Occam's Razor has become a basic perspective for those who follow the scientific method. It is important to note that it is an heuristic argument that does not necessarily give correct answers; it is an indispensable guide to choosing the scientific hypothesis which (currently) contains the least number of unproven assumptions. Often, several hypotheses are equally "simple" and Occam's Razor does not express any preference in such cases.

At the same time, without the principle of Occam's Razor science does not exist. The primary activity of science, formulating theories and selecting the most promising theory based on analysis of collected evidence, is not possible without some method of selecting between theories which do fit the evidence. This is because, for every set of data, there are an infinite number of theories which are consistent with those data (this is known as the Underdetermination Problem). As an example, perhaps you are investigating Newton's famous theory that every action has an equal and opposite reaction. It's easy to think of alternative theories which fit the data equally well. One such theory would be that for every action there is an opposite action of half intensity, but benevolent indetectable creatures magnify the opposing action with input of their own energy so it appears to be equal. These creatures will all die in the year 2055, and at that point the observable nature of the universe will instantly shift. This is an alternative theory which fits currently observable evidence just as well as Newton's theory. Furthermore we are currently unable to collect any evidence that one theory is superior to the other. Because the second theory states these creatures are undetectable, we cannot have any evidence to distinguish between the two theories until 2055. Furthermore, each theory has profoundly different implications for what we should expect of the future (for example, we may choose to live our lives differently if we know that life as we know it will cease in the year 2055). And finally, it can easily be seen that there are an infinite number of competing theories by uncreatively incrementing the year. 2056 is another theory. 2057 is another theory, and so on. Because there are an infinite number of theories which fit any body of evidence equally well, and all make radically different predictions, if science cannot choose between them, then science can never determine any useful theories. So far the only known way to usefully choose between the infinite number of theories which fit a body of evidence is Occam's Razor. For this reason Occam's Razor is seen as an indispensable aspect of science, without which science ceases to function entirely.

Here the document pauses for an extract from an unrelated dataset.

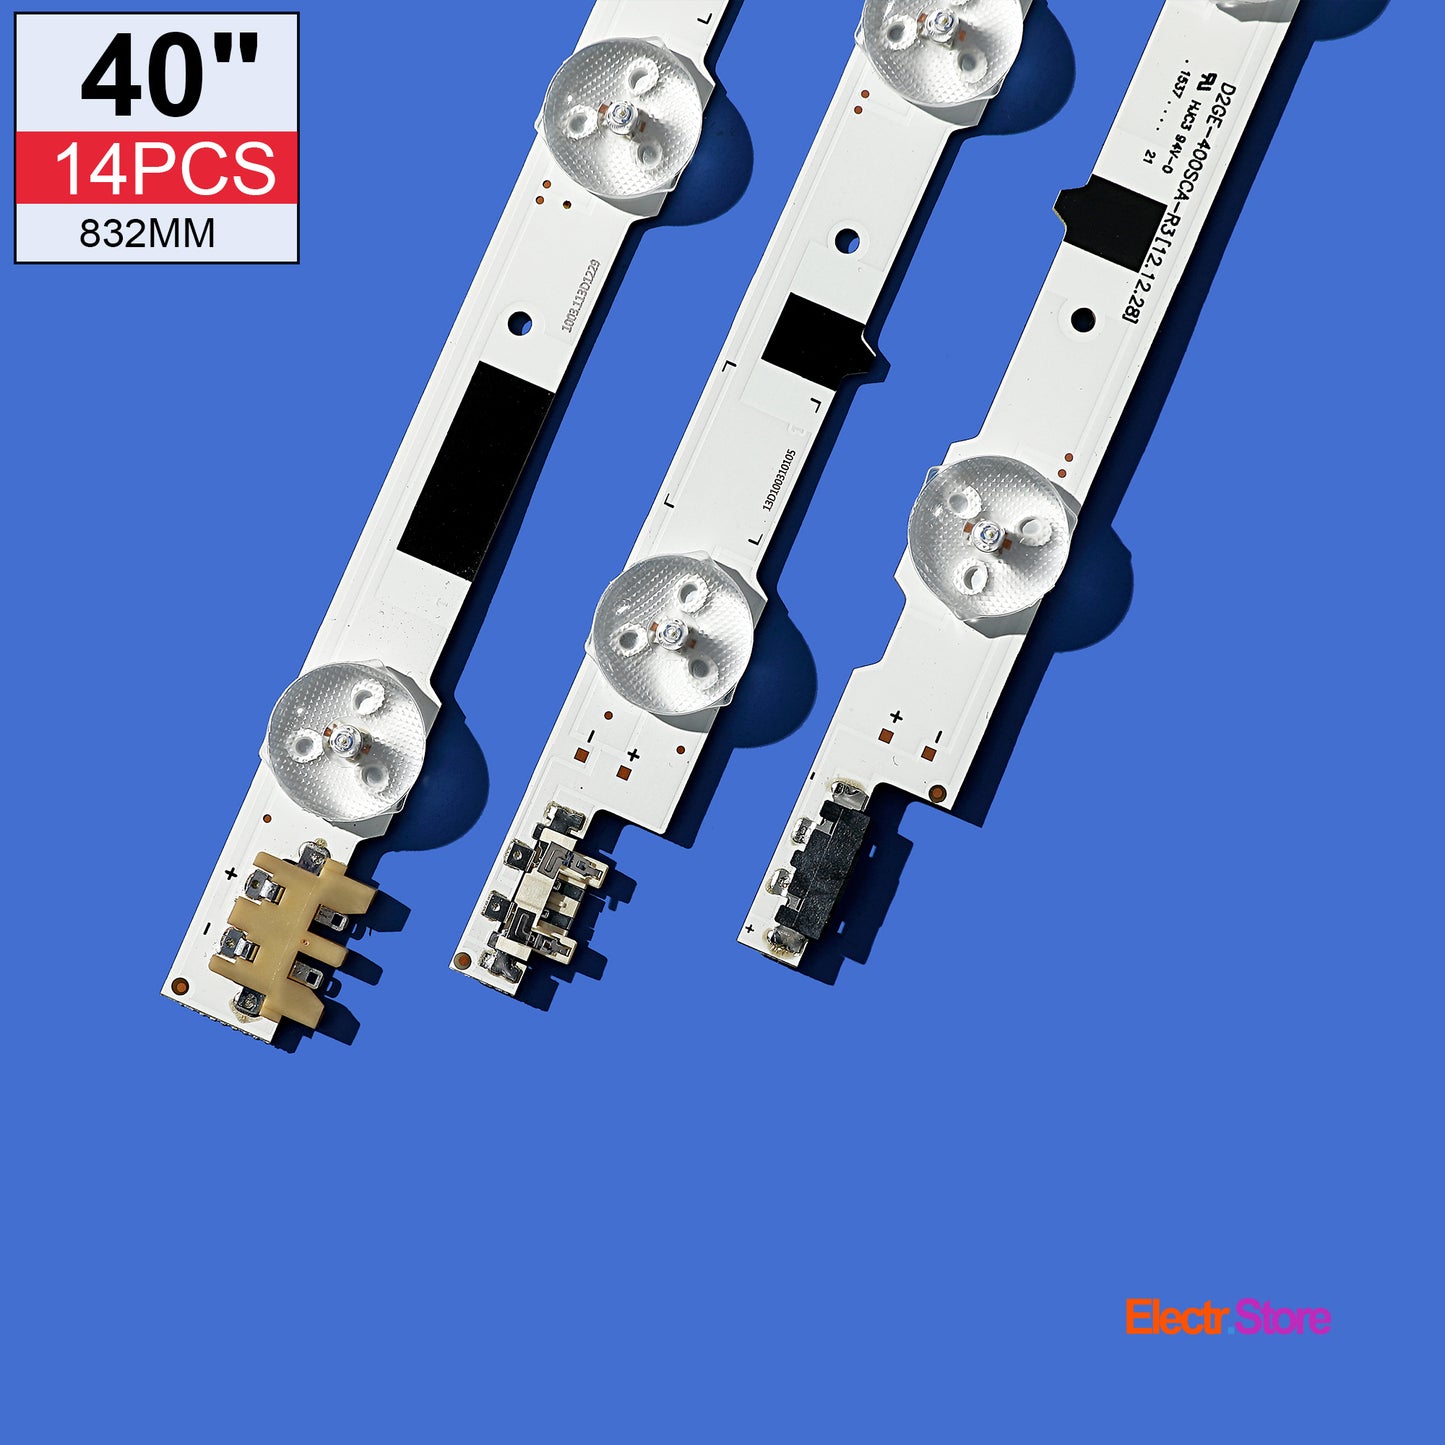 LED Backlight Strip Kits, 2013SVS40F, D2GE-400SCA-R3/D2GE-400SCB-R3, BN96-25304A/BN96-25305A (14 pc/kit), for TV 40" 40" D2GE-400SCA-R3 D2GE-400SCB-R3 LED Backlights Samsung Electr.Store
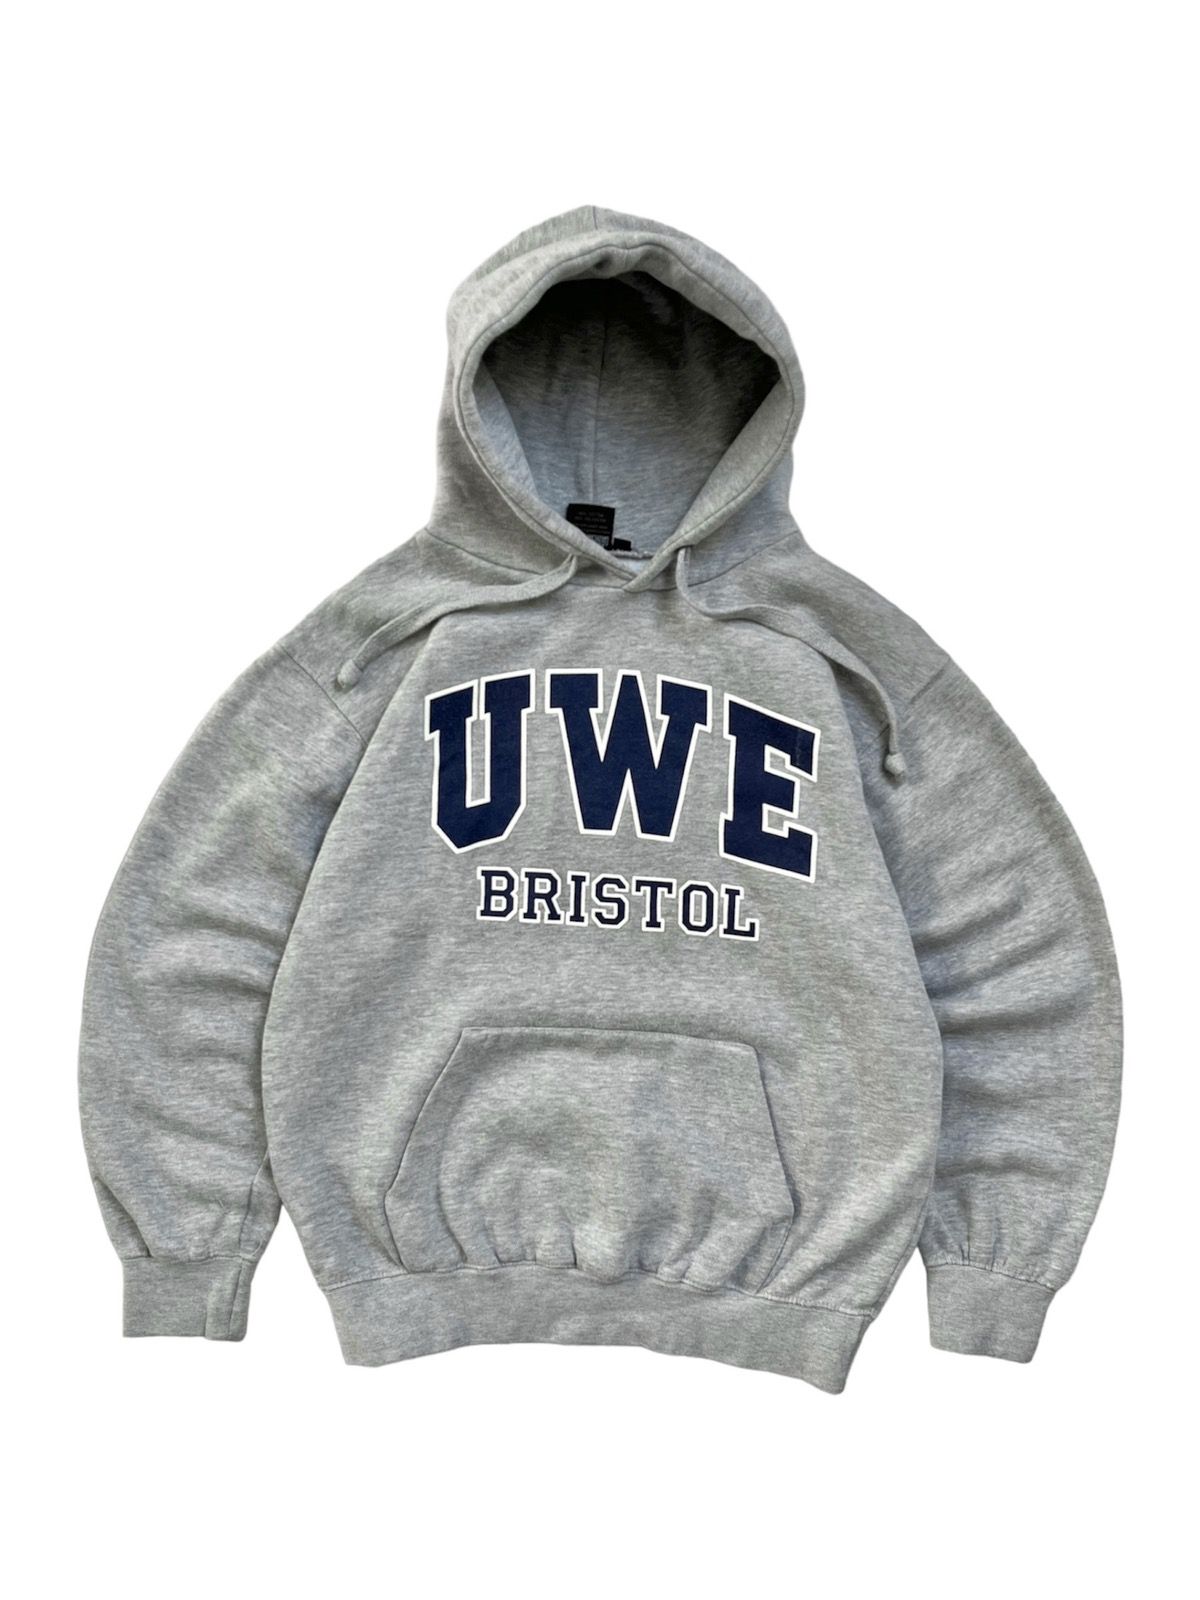 Pre-owned American College X Vintage Uwe Bristol Vintage University College Hoodie In Grey

Occam's Razor is not equivalent to the idea that "perfection is simplicity". Albert Einstein probably had this in mind when he wrote in 1933 that "The supreme goal of all theory is to make the irreducible basic elements as simple and as few as possible without having to surrender the adequate representation of a single datum of experience" often paraphrased as "Theories should be as simple as possible, but no simpler." It often happens that the best explanation is much more complicated than the simplest possible explanation because it requires fewer assumptions. Some people have oversimplified Occam's Razor as "The simplest explanation is the best (or true) one".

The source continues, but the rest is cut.